Jesus calls us to follow Him through His Word and the Sacrament of Holy Baptism. This morning, Bennett has been called by Jesus through water and the Word to be a child of God, a disciple of Jesus Christ. The Baptized in Christ are instructed in His Word, and they find that they too are invited to Table with Jesus. Jesus invites sinners who are now also His redeemed saints, washed in Baptism, to come and dine with Him at His Supper. The Lord’s Supper, Holy Communion, is a feast of welcome for Baptized sinners who recognize that Jesus is present with His Body and Blood who have faith in these words, “given and shed for you for the forgiveness of sins.” It is a meal in which all who eat and drink the bread and wine truly receive the really present Body and Blood of Christ. But only those with saving faith in Christ and trust that His Body and Blood are truly in and with the bread and wine receive the forgiveness of sins, life, and salvation. Those are the gifts that Christ provides to those who have been called by Christ in Baptism to be His disciples, those who have been instructed in the chief articles of the Christian faith, and those who believe Jesus’ promise that His Body and Blood are “given and shed for you for the forgiveness of sins.”
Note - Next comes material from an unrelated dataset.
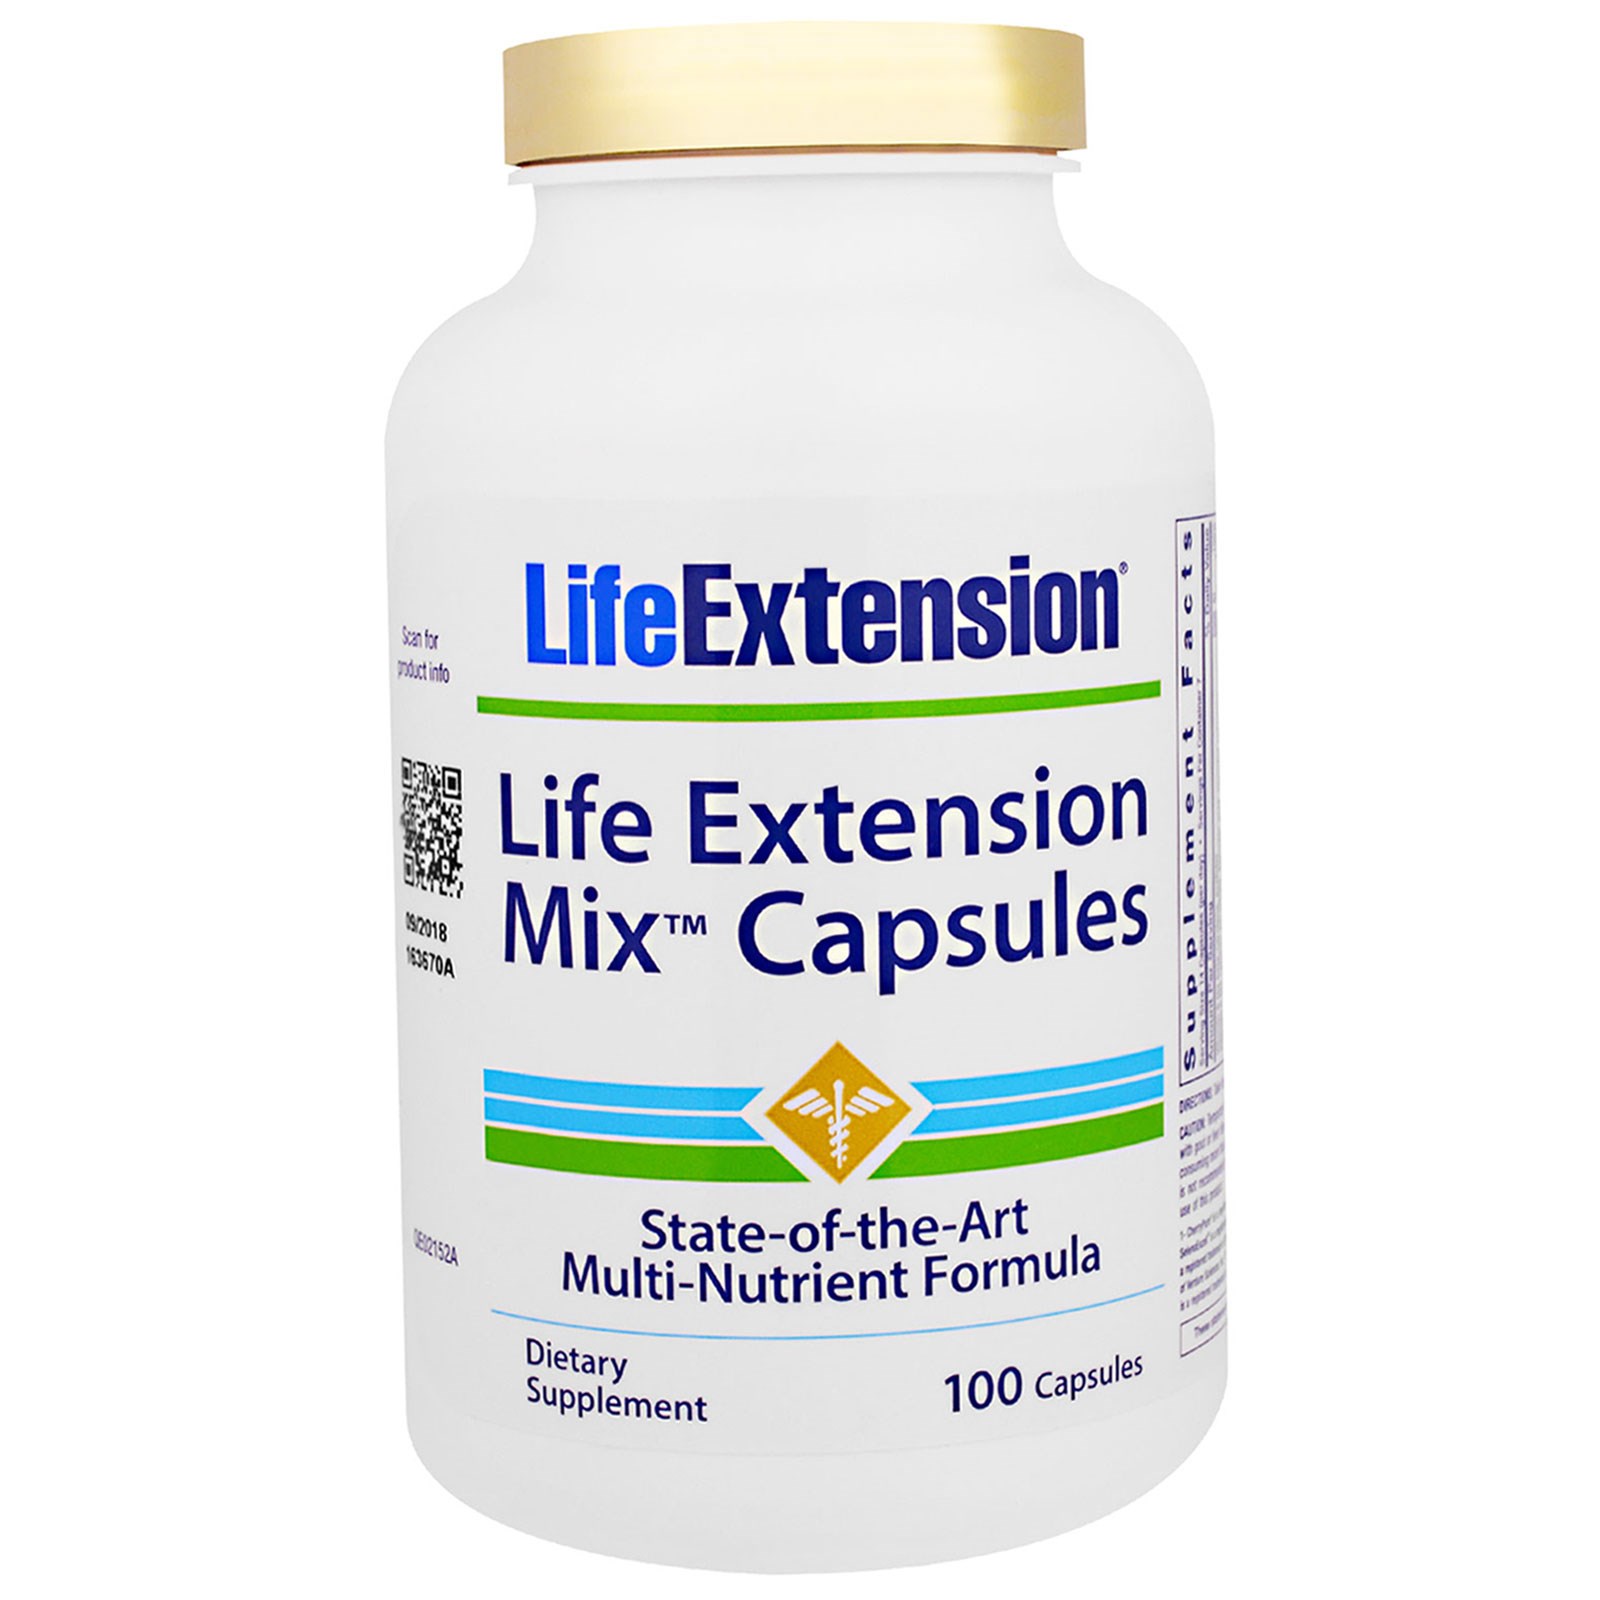 Life extension. Мультивитамины Life Extension. IHERB для продление жизни. Микс таблетки. Экстенсион.

As Christians, we confess that we sinners are “worthy” to commune at the Lord’s Table because Jesus welcomes sinners who repent of their sins and believe His promise that He gave His life and shed His blood for their forgiveness. We trust that it is Jesus alone who gives us His true Body and Blood in this Supper which is also a foretaste of a greater, heavenly banquet feast to come. In this Sacrament, salvation is given and the Lord transforms us as He equips and strengthens us to live as His disciples until the last great day of eternal feasting.
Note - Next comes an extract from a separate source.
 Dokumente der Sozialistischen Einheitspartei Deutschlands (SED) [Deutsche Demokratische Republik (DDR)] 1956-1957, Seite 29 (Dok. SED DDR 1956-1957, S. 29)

Jesus Christ, our Savior, called the Lost like Matthew, Zacchaeus, and you and me to follow Him as His disciples. Through Holy Baptism, we have been found and saved by Christ. Our sins are forgiven and we have eternal life through faith in our Savior by the power and grace of the Holy Spirit. Until the Lord Christ comes again, we gather at His Table according to His Institution and receive His Body and Blood for forgiveness and the strengthening of our baptismal faith so that we may follow Him ever faithfully until we are together at the banquet feast in the new creation which has no end. Amen.